Умник фыркнул и вместо ответа извлек из небытия рюмку пальмовой водки. Одновременно наполовину опустошенный сосуд с густой смесью растворился в воздухе.

— Ты прав, Умник, — вздохнул Ницан. — Без крепкого тут не обойтись, — он одним глотком опорожнил рюмку. — Теперь о смерти госпожи Сэрэн-Лагашти, — сдавленным голосом произнес он. — Тут, по-моему, все ясно. Это самое настоящее убийство. А если в одном и том же месте в течение короткого промежутка времени происходит два убийства подряд, разве нелогично будет считать, что они взаимосвязаны? Плюс печати как цель уличного нападения. Значит, смерть этой старухи тоже связана с моим расследованием. А коль скоро она, как явствует из письма госпожи Баалат-Гебал, как две капли воды похожа еще и на смерть некоего господина Алулу-Бази, то… Черт побери, неужели я ничего не записывал?… Письмо! — он хлопнул себя по лбу. — Письмо госпожи Шошаны Шульги, младшей сестры нашей замечательной приятельницы! Оно меня чем-то заинтересовало в тот вечер. Настолько, что я попросил его у госпожи Баалат-Гебал. Вот что нам необходимо найти! — он вскочил с места и бросился к полкам, на которых в полном беспорядке высились кипы бумаг, записных книжек и прочего хлама. Эти полки Ницан называл архивом.

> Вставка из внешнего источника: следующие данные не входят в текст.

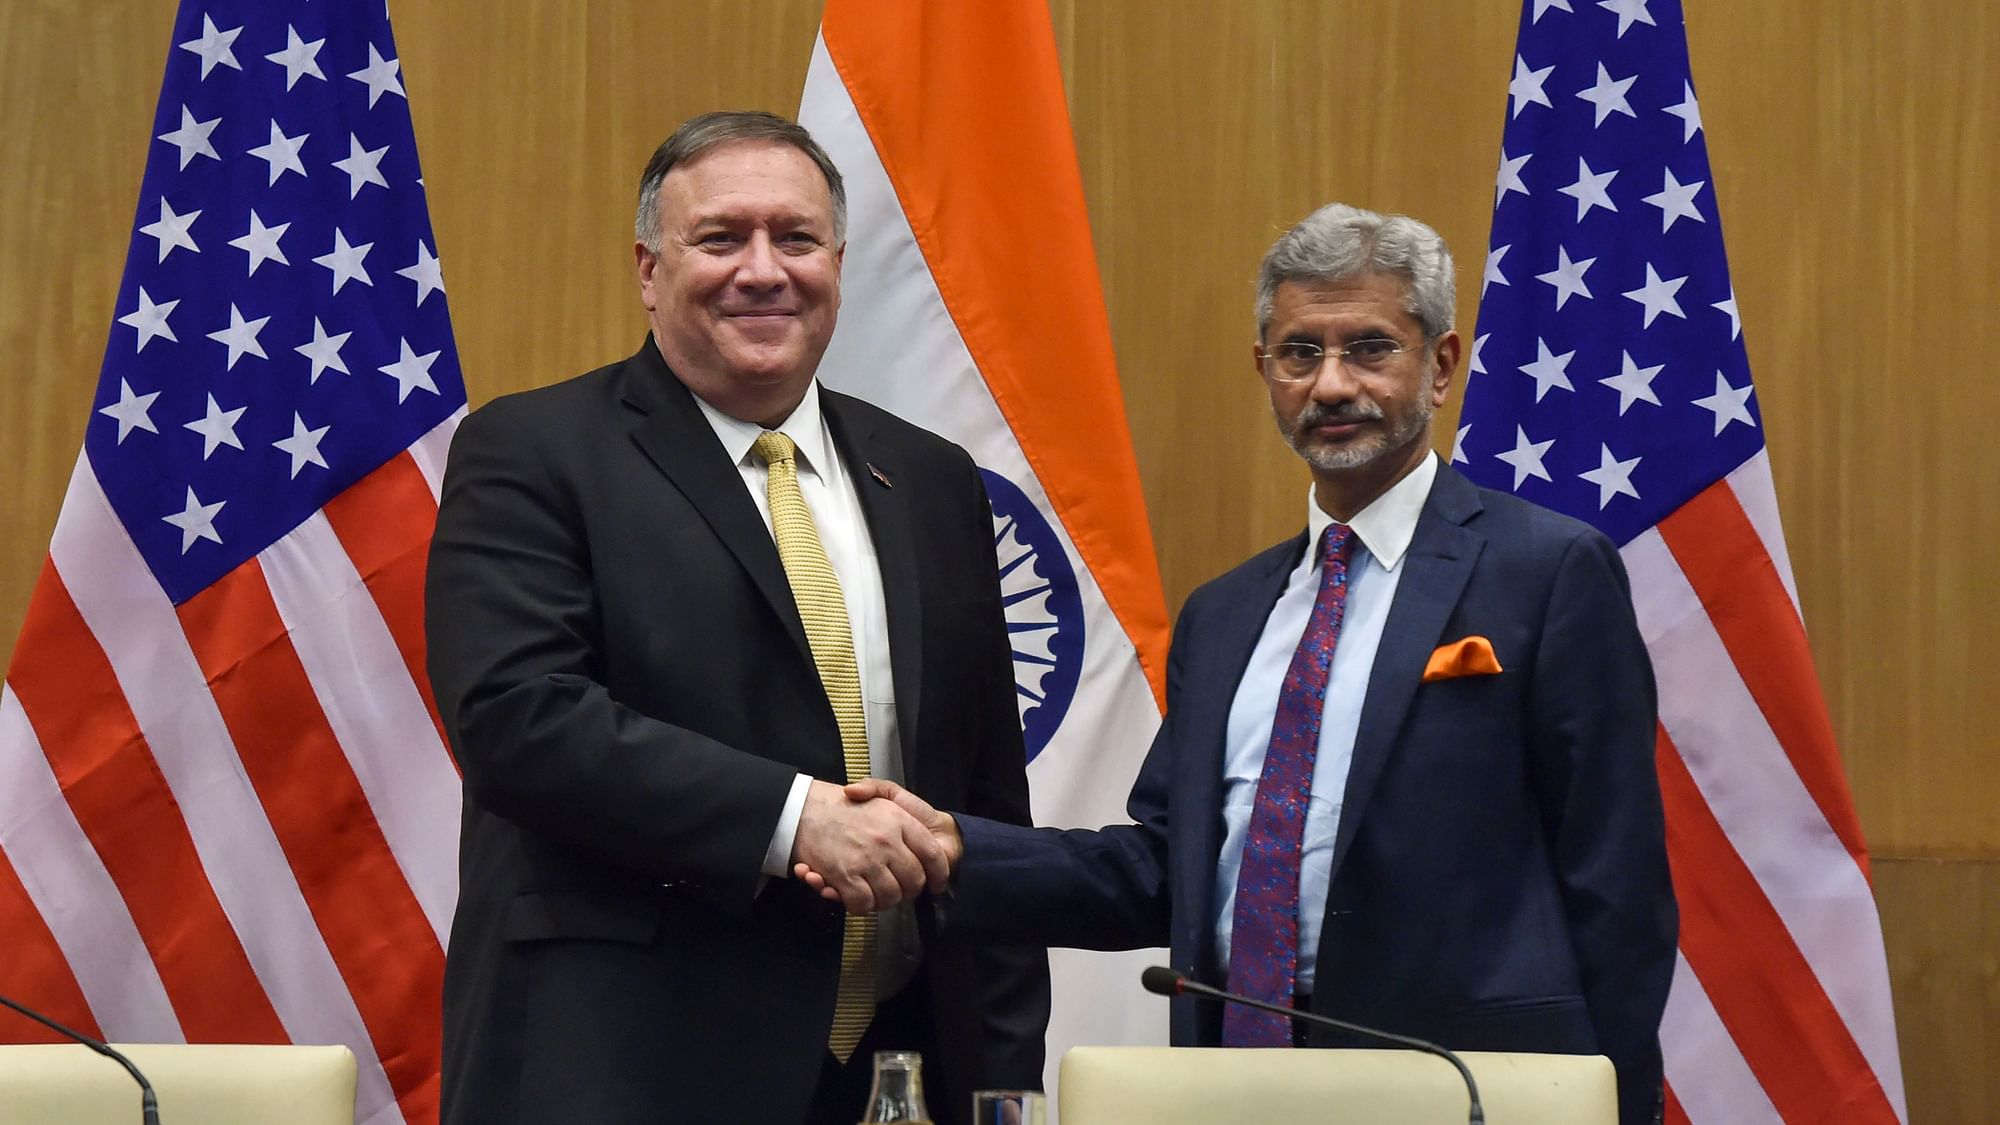 External Affairs Minister S Jaishankar with US Secretary of State Mike Pompeo during a press conference to release their joint statement, in New Delhi.
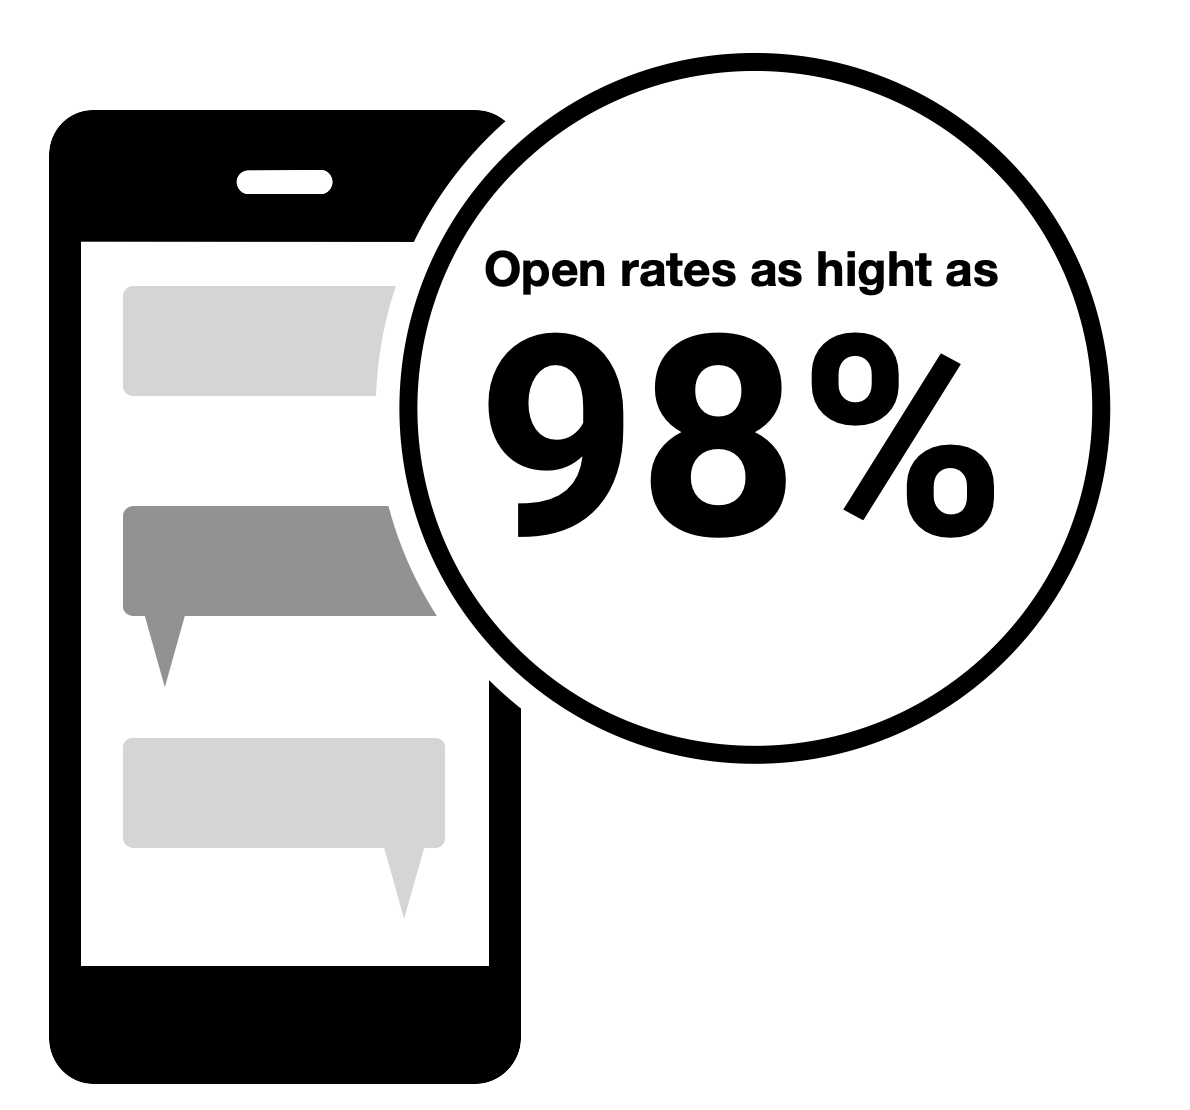 SMS have a 98% open rate

Получасовые поиски ничего не дали. Ни искомого письма госпожи Шошаны Шульги-Зиусидра-Эйги, ничего другого, способного хоть как-то прояснить ситуацию, на полках не обнаружилось.

Умник ринулся под кровать. Оттуда полетели какие-то старые тряпки, клочья бумаги. С грохотом выкатились несколько пустых бутылок. На одной из них восседал сам рапаит с весьма разочарованной физиономией.

— Все понятно, — сказал Ницан обреченно. — Спасибо за помощь, Умник.

Неверным шагом он подошел к подоконнику. Здесь тоже стояли несколько пустых и полупустых бутылок. Одна из них, темно-зеленого стекла, имела наклейку погреба Анат-Яху. Ницан рассеянно взял ее, поднял, взболтнул. В бутылке вина оставалось еще примерно на четверть. Он поискал на подоконнике стакан, выдернул зубами пробку, налил себе густого темно-рубинового напитка.

Да так и застыл, не донеся стакан до рта. Внимание его привлекла пробка, которую он сам же и выплюнул на пол. Ницан присел на корточки.

— Вот так-так… — пробормотал он. — А говорят — бросай пить…

Пробка представляла собой туго скрученный листок бумаги. Еще не веря в собственную удачу, Ницан осторожно развернул его и приблизил к глазам. Это оказалось покрытое красными подтеками, с пожеванными краями, но в общем, почти целое письмо младшей сестры Баалат-Гебал. Видимо, потеряв пробку, Ницан не нашел ничего лучшего, как заменить ее наспех скрученным листом бумаги, а таковым оказалось именно это письмо.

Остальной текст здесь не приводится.